Choosing a RAM-Friendly ML Model for Pi Pico
Finally, we have to decide on the architecture of the neural network that we plan to use for classification. We need to use a very simple neural network so that it is small and easy to port to CircuitPython. We create a tiny neural network with just three Dense layers. The code for the neural network is shown below:
model = Sequential([ |
This model can be easily converted to “pure” CircuitPython code using the ulab.numpy library. Here is a sample file containing the converted code, which can run under CircuitPython. Note that the neural network has just 1,611 parameters. The output file, which is Python code, is around 27 KB after minification. It takes around 30 seconds for CircuitPython to load and interpret this file. Had we used C/C++, this would have been much more efficient (at the cost of complexity, I guess!). You can train models for as many ‘words’ as you like using the training notebook.
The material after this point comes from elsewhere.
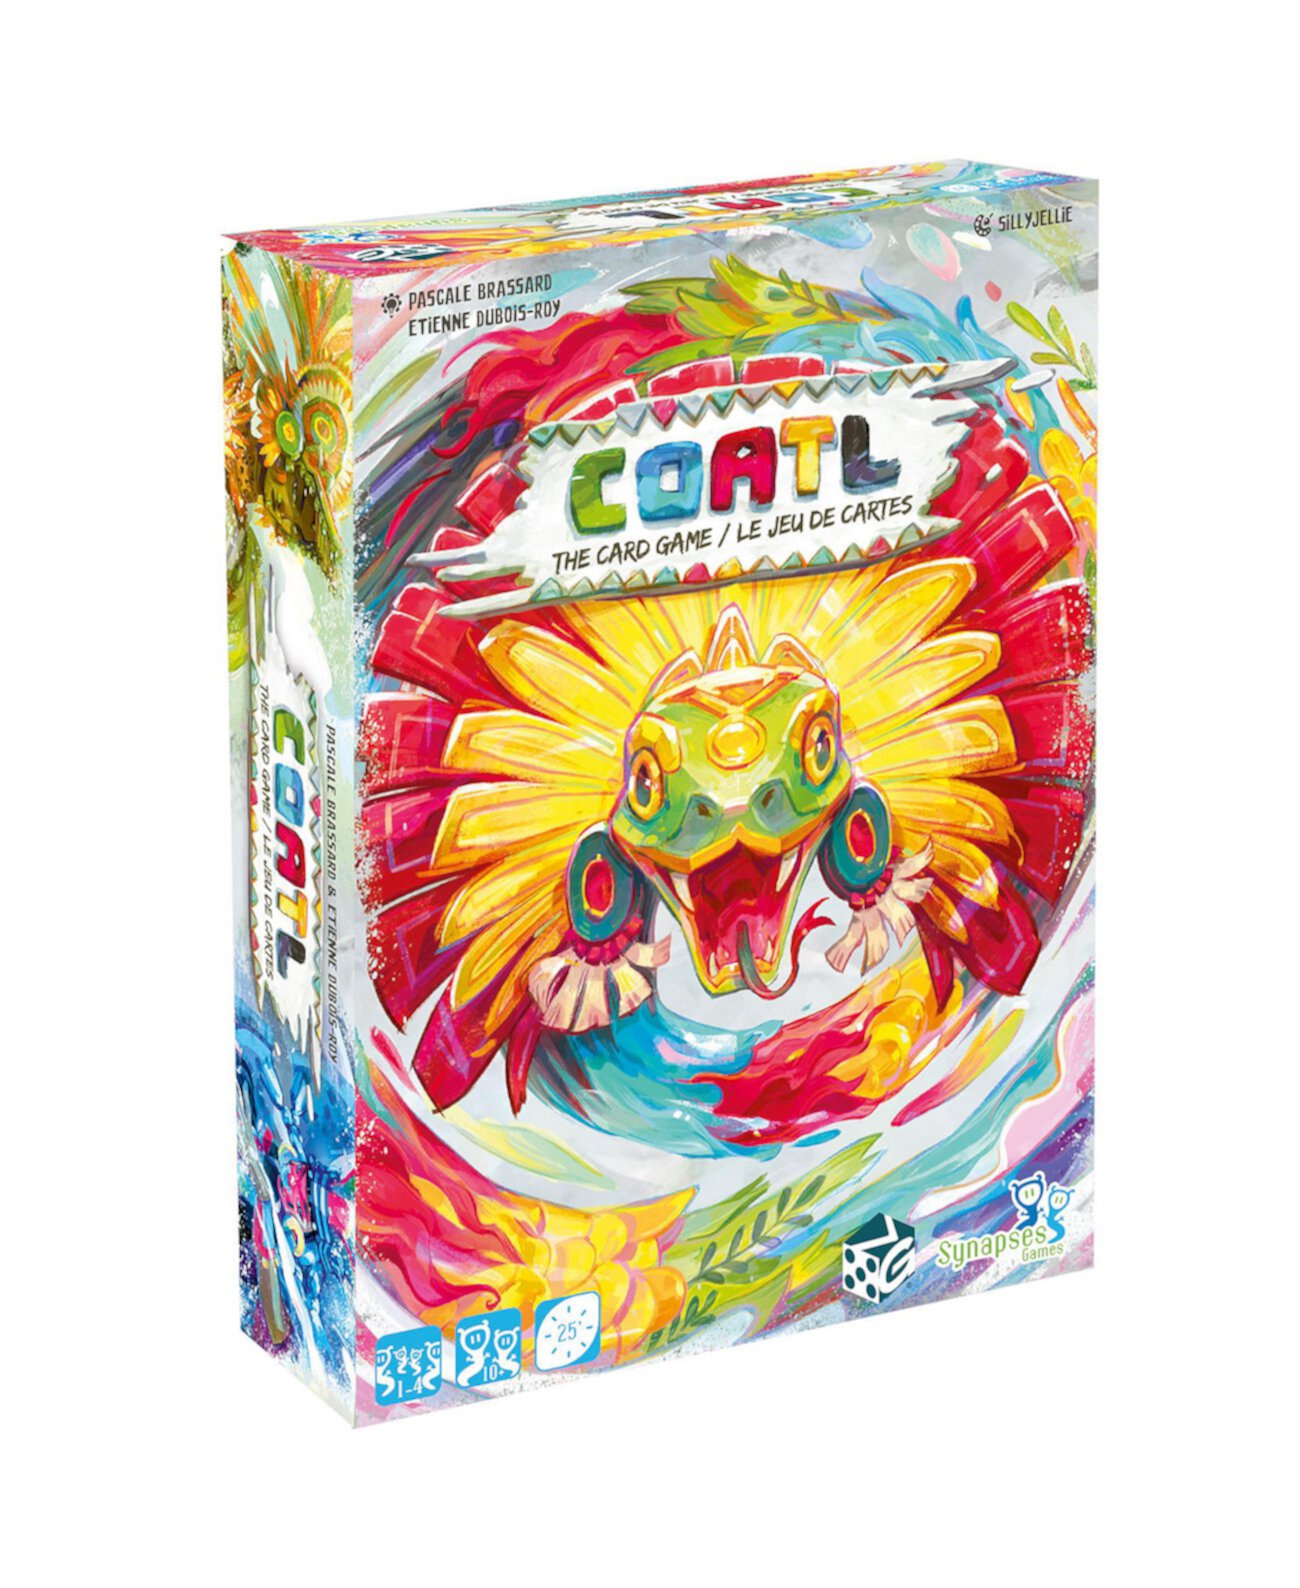 COATL The Card Game Стратегическая карточная игра Aztec Synapses Games

However, I don’t think CircuitPython will be able to load multiple models in memory (something you can try and let me know!).
What Is Not So Great
As I mentioned, to keep things simple, we have made multiple trade-offs, which can be improved in the future. Currently, these are some issues I have observed with the setup:
- The Pi Pico intermittently gives a USB error when running this code and connecting to a PC. When this happens, it doesn’t show up as a USB drive. This has been observed on Windows 10. Restarting the computer seems to work. If that does not work, reset the flash memory and reinstall CircuitPython.
- Slow startup (loading the model files takes time).
- Lower accuracy; sometimes detection gets triggered for unrelated words.